As much as I appreciate the stupid and pointless race towards insane
resolutions for how it benefits VR, I too wish we had some progress making
"normal", 1920x1080 20" (or 13" 1600x900) displays for cheap.

People talk about "Raspi Zero, the $5 computer" but for six billion people in
the world who don't have a computer, a computer is a device with a screen.
When _that_ whole shebang becomes $5, having a computer suddenly becomes a
choice for everyone, not a privilege for the upper 15% of society. And right
now, the thing that's holding us back from that dream is only the display.
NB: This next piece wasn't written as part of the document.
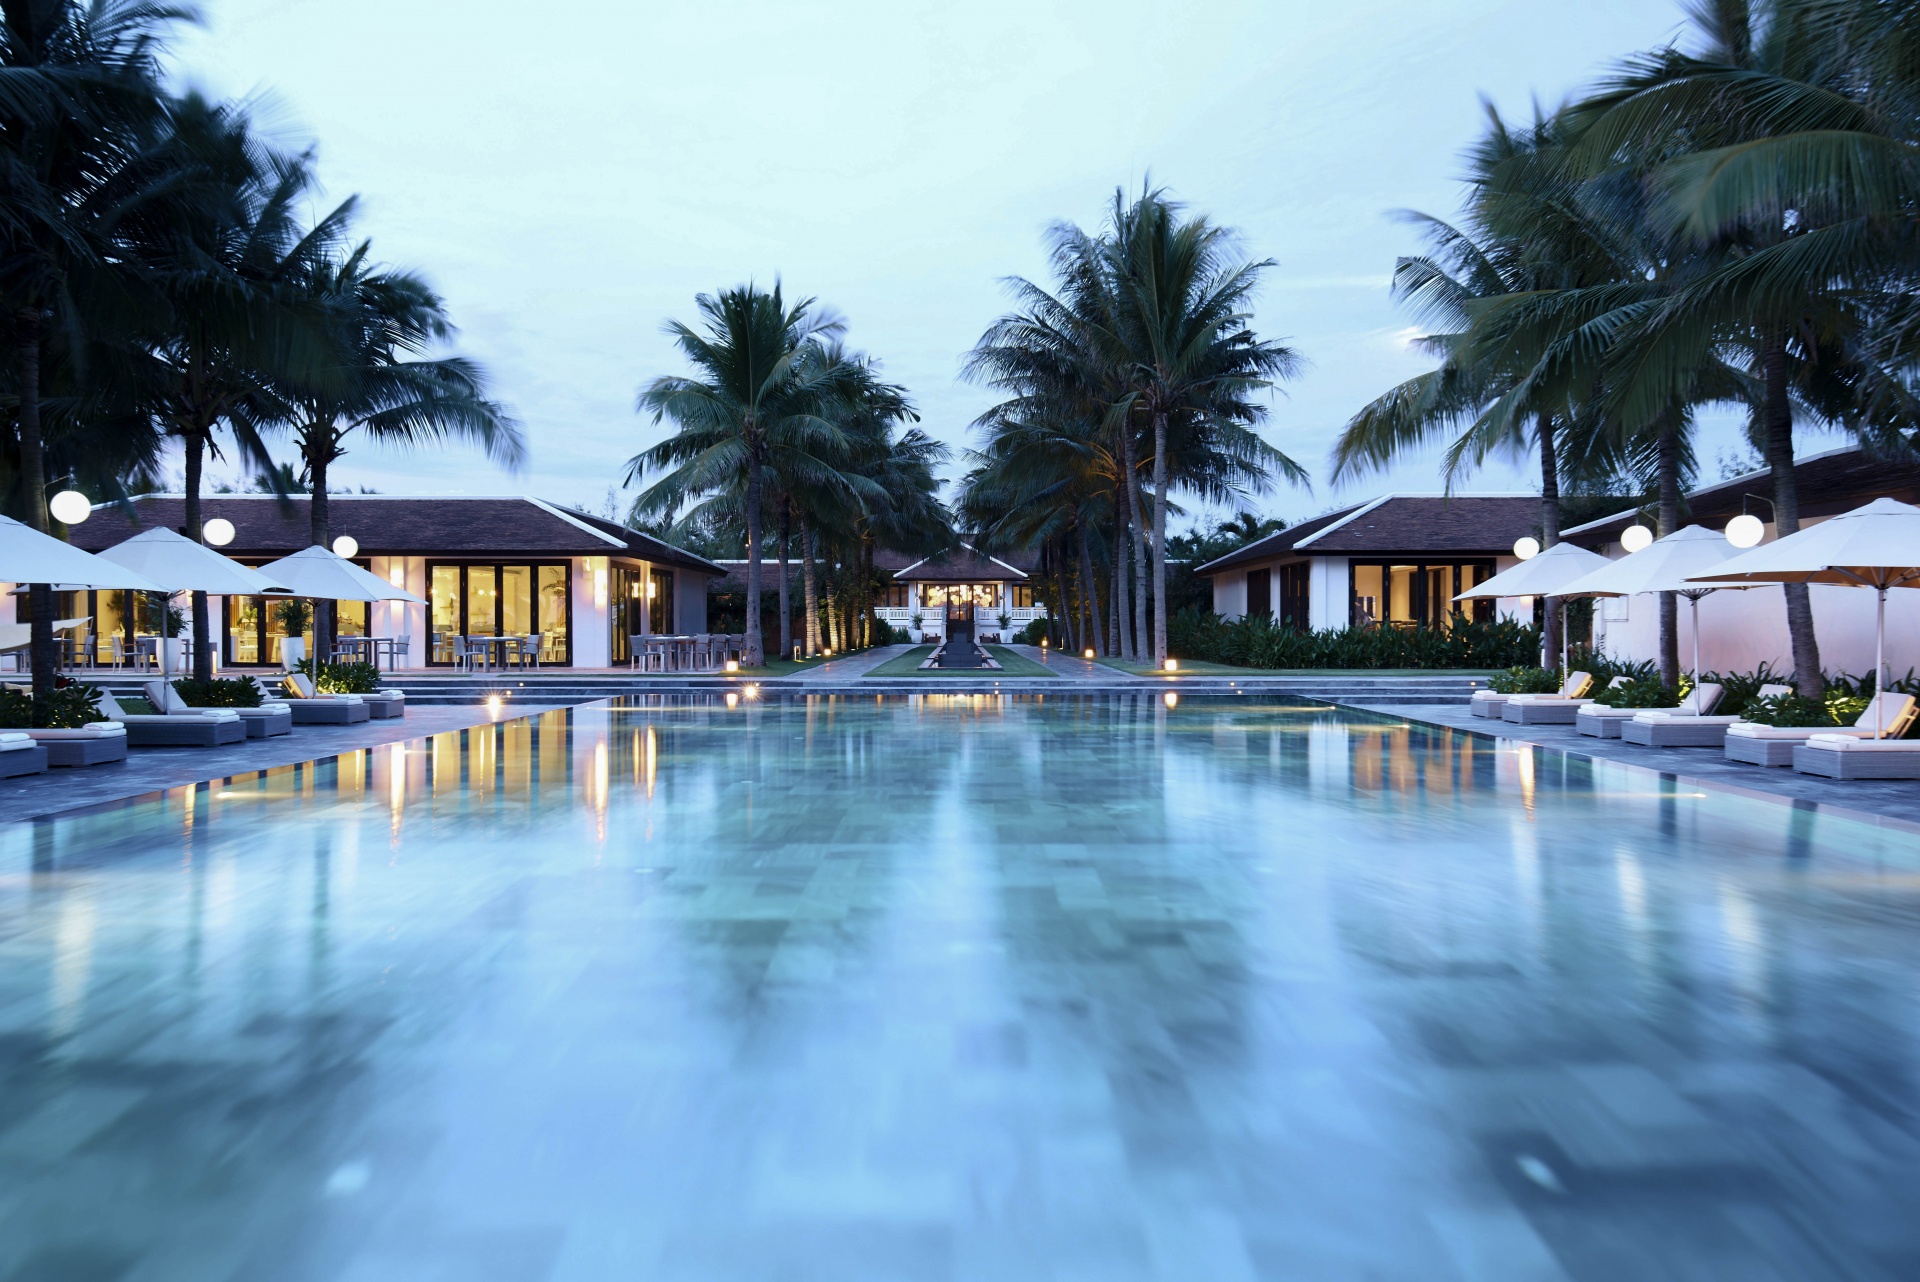 TIA wellness Resort elevates well-being within Vietnam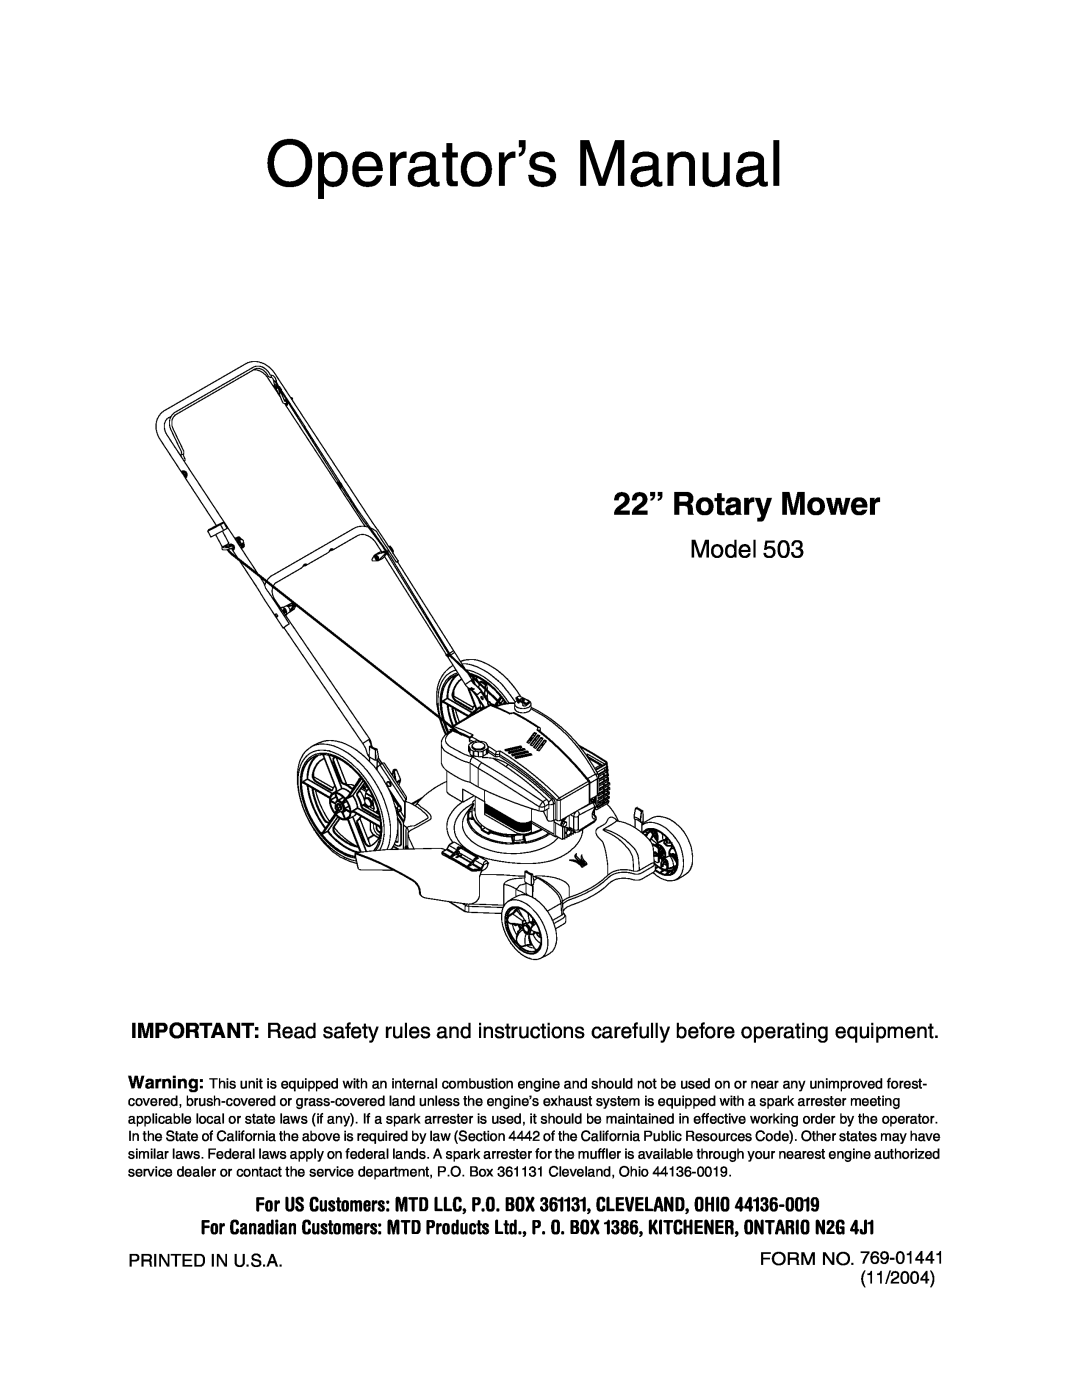 MTD 503 manual Operator’s Manual, 22” Rotary Mower, Model, For US Customers MTD LLC, P.O. BOX 361131, CLEVELAND, OHIO

A $5 Raspi, which consumes 0.6W at most, can be powered for 18 hours with a
battery that costs $2 in bulk. A SD card in bulk might be an extra $3 and a
Wifi dongle can be had for $2 in bulk. That's a $12 laptop. Add a display, and
your $12 laptop becomes $100. The lack of progress in displays is criminal.

------
jpollock
I believe that LG uses double resolution TV's so that they can do full res
passive 3D where they alternate lines to each eye. That way they get full
frame rate, reducing the flickering, and getting rid of battery powered
glasses. So for them an 8k TV would really be a 4k 3d TV.

------
FussyZeus
I haven't even upgraded to 4K yet. Who gives a damn if there are 8K
televisions, barely any Blu Rays support 4K yet, and streaming it (in the
States at least)? Fuhgetabboutit.

I upgraded to a 4K on my gaming PC and that's awesome to have because it's
right in front of my face, but until the content is widely available I see no
reason to move up past 1080p for the living room. Just dumb, I'd rather have
the content the native resolution of the TV's panel. Maybe that's just me, I
dunno.

------
suvelx
And the 4K content is where?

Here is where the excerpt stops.